__Exercise description__
The data below is to be output in full, unchanged.
+ + + + + + +
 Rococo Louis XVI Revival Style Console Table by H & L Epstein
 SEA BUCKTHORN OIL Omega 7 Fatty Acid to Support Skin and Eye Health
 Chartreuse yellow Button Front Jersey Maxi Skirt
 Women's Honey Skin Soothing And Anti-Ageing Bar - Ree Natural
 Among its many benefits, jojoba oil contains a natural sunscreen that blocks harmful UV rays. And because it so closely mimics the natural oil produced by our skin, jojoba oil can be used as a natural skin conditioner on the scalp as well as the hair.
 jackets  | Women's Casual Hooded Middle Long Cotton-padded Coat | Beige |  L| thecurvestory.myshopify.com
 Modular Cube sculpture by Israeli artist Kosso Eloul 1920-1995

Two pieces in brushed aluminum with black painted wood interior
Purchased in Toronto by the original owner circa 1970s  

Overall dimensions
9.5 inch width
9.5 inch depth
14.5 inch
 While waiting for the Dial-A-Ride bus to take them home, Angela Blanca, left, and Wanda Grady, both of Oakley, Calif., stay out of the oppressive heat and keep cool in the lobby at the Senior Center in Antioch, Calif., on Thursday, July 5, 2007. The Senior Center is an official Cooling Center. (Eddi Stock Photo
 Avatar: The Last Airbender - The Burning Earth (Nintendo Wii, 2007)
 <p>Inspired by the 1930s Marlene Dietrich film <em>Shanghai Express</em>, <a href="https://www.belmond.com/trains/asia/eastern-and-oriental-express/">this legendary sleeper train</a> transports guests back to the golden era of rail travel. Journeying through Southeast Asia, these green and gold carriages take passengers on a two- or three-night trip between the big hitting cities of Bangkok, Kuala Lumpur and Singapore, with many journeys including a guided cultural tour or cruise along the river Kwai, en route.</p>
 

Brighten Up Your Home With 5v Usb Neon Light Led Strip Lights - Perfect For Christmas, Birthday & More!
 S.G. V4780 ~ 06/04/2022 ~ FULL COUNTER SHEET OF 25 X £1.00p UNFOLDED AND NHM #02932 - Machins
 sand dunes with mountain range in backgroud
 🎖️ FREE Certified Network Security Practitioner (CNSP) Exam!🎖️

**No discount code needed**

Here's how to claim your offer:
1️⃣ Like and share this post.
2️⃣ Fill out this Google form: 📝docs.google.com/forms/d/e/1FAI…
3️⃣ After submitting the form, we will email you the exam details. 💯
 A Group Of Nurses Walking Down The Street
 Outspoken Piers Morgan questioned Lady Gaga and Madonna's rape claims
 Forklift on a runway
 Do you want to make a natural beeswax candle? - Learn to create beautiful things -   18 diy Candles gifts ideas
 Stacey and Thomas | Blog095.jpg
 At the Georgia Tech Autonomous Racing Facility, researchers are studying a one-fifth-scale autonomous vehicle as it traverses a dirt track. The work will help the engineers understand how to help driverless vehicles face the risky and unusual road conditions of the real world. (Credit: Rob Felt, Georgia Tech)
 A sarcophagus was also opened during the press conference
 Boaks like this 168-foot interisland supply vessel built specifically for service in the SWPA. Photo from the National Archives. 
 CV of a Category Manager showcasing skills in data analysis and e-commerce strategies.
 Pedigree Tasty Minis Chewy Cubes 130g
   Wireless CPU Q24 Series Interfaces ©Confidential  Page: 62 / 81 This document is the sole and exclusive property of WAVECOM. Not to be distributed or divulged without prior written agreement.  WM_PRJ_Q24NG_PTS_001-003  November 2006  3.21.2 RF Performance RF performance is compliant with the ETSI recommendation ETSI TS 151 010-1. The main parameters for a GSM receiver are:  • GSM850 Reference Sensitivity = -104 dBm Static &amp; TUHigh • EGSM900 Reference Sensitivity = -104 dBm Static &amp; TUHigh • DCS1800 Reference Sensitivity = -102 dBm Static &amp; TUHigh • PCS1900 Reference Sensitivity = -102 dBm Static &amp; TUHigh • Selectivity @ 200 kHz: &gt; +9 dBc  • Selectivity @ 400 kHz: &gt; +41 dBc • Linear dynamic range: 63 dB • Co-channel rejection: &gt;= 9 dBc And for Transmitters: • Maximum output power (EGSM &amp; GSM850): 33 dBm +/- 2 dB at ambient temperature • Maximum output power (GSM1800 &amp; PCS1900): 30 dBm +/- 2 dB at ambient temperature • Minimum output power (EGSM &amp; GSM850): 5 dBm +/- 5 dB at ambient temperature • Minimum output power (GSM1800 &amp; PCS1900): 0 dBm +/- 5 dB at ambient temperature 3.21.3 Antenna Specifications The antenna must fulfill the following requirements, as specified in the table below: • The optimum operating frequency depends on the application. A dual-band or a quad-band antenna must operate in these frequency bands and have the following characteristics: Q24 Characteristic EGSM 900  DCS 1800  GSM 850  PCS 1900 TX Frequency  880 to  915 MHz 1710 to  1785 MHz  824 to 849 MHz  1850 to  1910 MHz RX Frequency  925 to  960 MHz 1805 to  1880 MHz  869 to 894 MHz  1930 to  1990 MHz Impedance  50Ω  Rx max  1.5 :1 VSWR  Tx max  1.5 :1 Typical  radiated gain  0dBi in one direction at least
+ + + + + + +
__Exercise output__
 Rococo Louis XVI Revival Style Console Table by H & L Epstein
 SEA BUCKTHORN OIL Omega 7 Fatty Acid to Support Skin and Eye Health
 Chartreuse yellow Button Front Jersey Maxi Skirt
 Women's Honey Skin Soothing And Anti-Ageing Bar - Ree Natural
 Among its many benefits, jojoba oil contains a natural sunscreen that blocks harmful UV rays. And because it so closely mimics the natural oil produced by our skin, jojoba oil can be used as a natural skin conditioner on the scalp as well as the hair.
 jackets  | Women's Casual Hooded Middle Long Cotton-padded Coat | Beige |  L| thecurvestory.myshopify.com
 Modular Cube sculpture by Israeli artist Kosso Eloul 1920-1995

Two pieces in brushed aluminum with black painted wood interior
Purchased in Toronto by the original owner circa 1970s  

Overall dimensions
9.5 inch width
9.5 inch depth
14.5 inch
 While waiting for the Dial-A-Ride bus to take them home, Angela Blanca, left, and Wanda Grady, both of Oakley, Calif., stay out of the oppressive heat and keep cool in the lobby at the Senior Center in Antioch, Calif., on Thursday, July 5, 2007. The Senior Center is an official Cooling Center. (Eddi Stock Photo
 Avatar: The Last Airbender - The Burning Earth (Nintendo Wii, 2007)
 <p>Inspired by the 1930s Marlene Dietrich film <em>Shanghai Express</em>, <a href="https://www.belmond.com/trains/asia/eastern-and-oriental-express/">this legendary sleeper train</a> transports guests back to the golden era of rail travel. Journeying through Southeast Asia, these green and gold carriages take passengers on a two- or three-night trip between the big hitting cities of Bangkok, Kuala Lumpur and Singapore, with many journeys including a guided cultural tour or cruise along the river Kwai, en route.</p>
 

Brighten Up Your Home With 5v Usb Neon Light Led Strip Lights - Perfect For Christmas, Birthday & More!
 S.G. V4780 ~ 06/04/2022 ~ FULL COUNTER SHEET OF 25 X £1.00p UNFOLDED AND NHM #02932 - Machins
 sand dunes with mountain range in backgroud
 🎖️ FREE Certified Network Security Practitioner (CNSP) Exam!🎖️

**No discount code needed**

Here's how to claim your offer:
1️⃣ Like and share this post.
2️⃣ Fill out this Google form: 📝docs.google.com/forms/d/e/1FAI…
3️⃣ After submitting the form, we will email you the exam details. 💯
 A Group Of Nurses Walking Down The Street
 Outspoken Piers Morgan questioned Lady Gaga and Madonna's rape claims
 Forklift on a runway
 Do you want to make a natural beeswax candle? - Learn to create beautiful things -   18 diy Candles gifts ideas
 Stacey and Thomas | Blog095.jpg
 At the Georgia Tech Autonomous Racing Facility, researchers are studying a one-fifth-scale autonomous vehicle as it traverses a dirt track. The work will help the engineers understand how to help driverless vehicles face the risky and unusual road conditions of the real world. (Credit: Rob Felt, Georgia Tech)
 A sarcophagus was also opened during the press conference
 Boaks like this 168-foot interisland supply vessel built specifically for service in the SWPA. Photo from the National Archives. 
 CV of a Category Manager showcasing skills in data analysis and e-commerce strategies.
 Pedigree Tasty Minis Chewy Cubes 130g
   Wireless CPU Q24 Series Interfaces ©Confidential  Page: 62 / 81 This document is the sole and exclusive property of WAVECOM. Not to be distributed or divulged without prior written agreement.  WM_PRJ_Q24NG_PTS_001-003  November 2006  3.21.2 RF Performance RF performance is compliant with the ETSI recommendation ETSI TS 151 010-1. The main parameters for a GSM receiver are:  • GSM850 Reference Sensitivity = -104 dBm Static &amp; TUHigh • EGSM900 Reference Sensitivity = -104 dBm Static &amp; TUHigh • DCS1800 Reference Sensitivity = -102 dBm Static &amp; TUHigh • PCS1900 Reference Sensitivity = -102 dBm Static &amp; TUHigh • Selectivity @ 200 kHz: &gt; +9 dBc  • Selectivity @ 400 kHz: &gt; +41 dBc • Linear dynamic range: 63 dB • Co-channel rejection: &gt;= 9 dBc And for Transmitters: • Maximum output power (EGSM &amp; GSM850): 33 dBm +/- 2 dB at ambient temperature • Maximum output power (GSM1800 &amp; PCS1900): 30 dBm +/- 2 dB at ambient temperature • Minimum output power (EGSM &amp; GSM850): 5 dBm +/- 5 dB at ambient temperature • Minimum output power (GSM1800 &amp; PCS1900): 0 dBm +/- 5 dB at ambient temperature 3.21.3 Antenna Specifications The antenna must fulfill the following requirements, as specified in the table below: • The optimum operating frequency depends on the application. A dual-band or a quad-band antenna must operate in these frequency bands and have the following characteristics: Q24 Characteristic EGSM 900  DCS 1800  GSM 850  PCS 1900 TX Frequency  880 to  915 MHz 1710 to  1785 MHz  824 to 849 MHz  1850 to  1910 MHz RX Frequency  925 to  960 MHz 1805 to  1880 MHz  869 to 894 MHz  1930 to  1990 MHz Impedance  50Ω  Rx max  1.5 :1 VSWR  Tx max  1.5 :1 Typical  radiated gain  0dBi in one direction at least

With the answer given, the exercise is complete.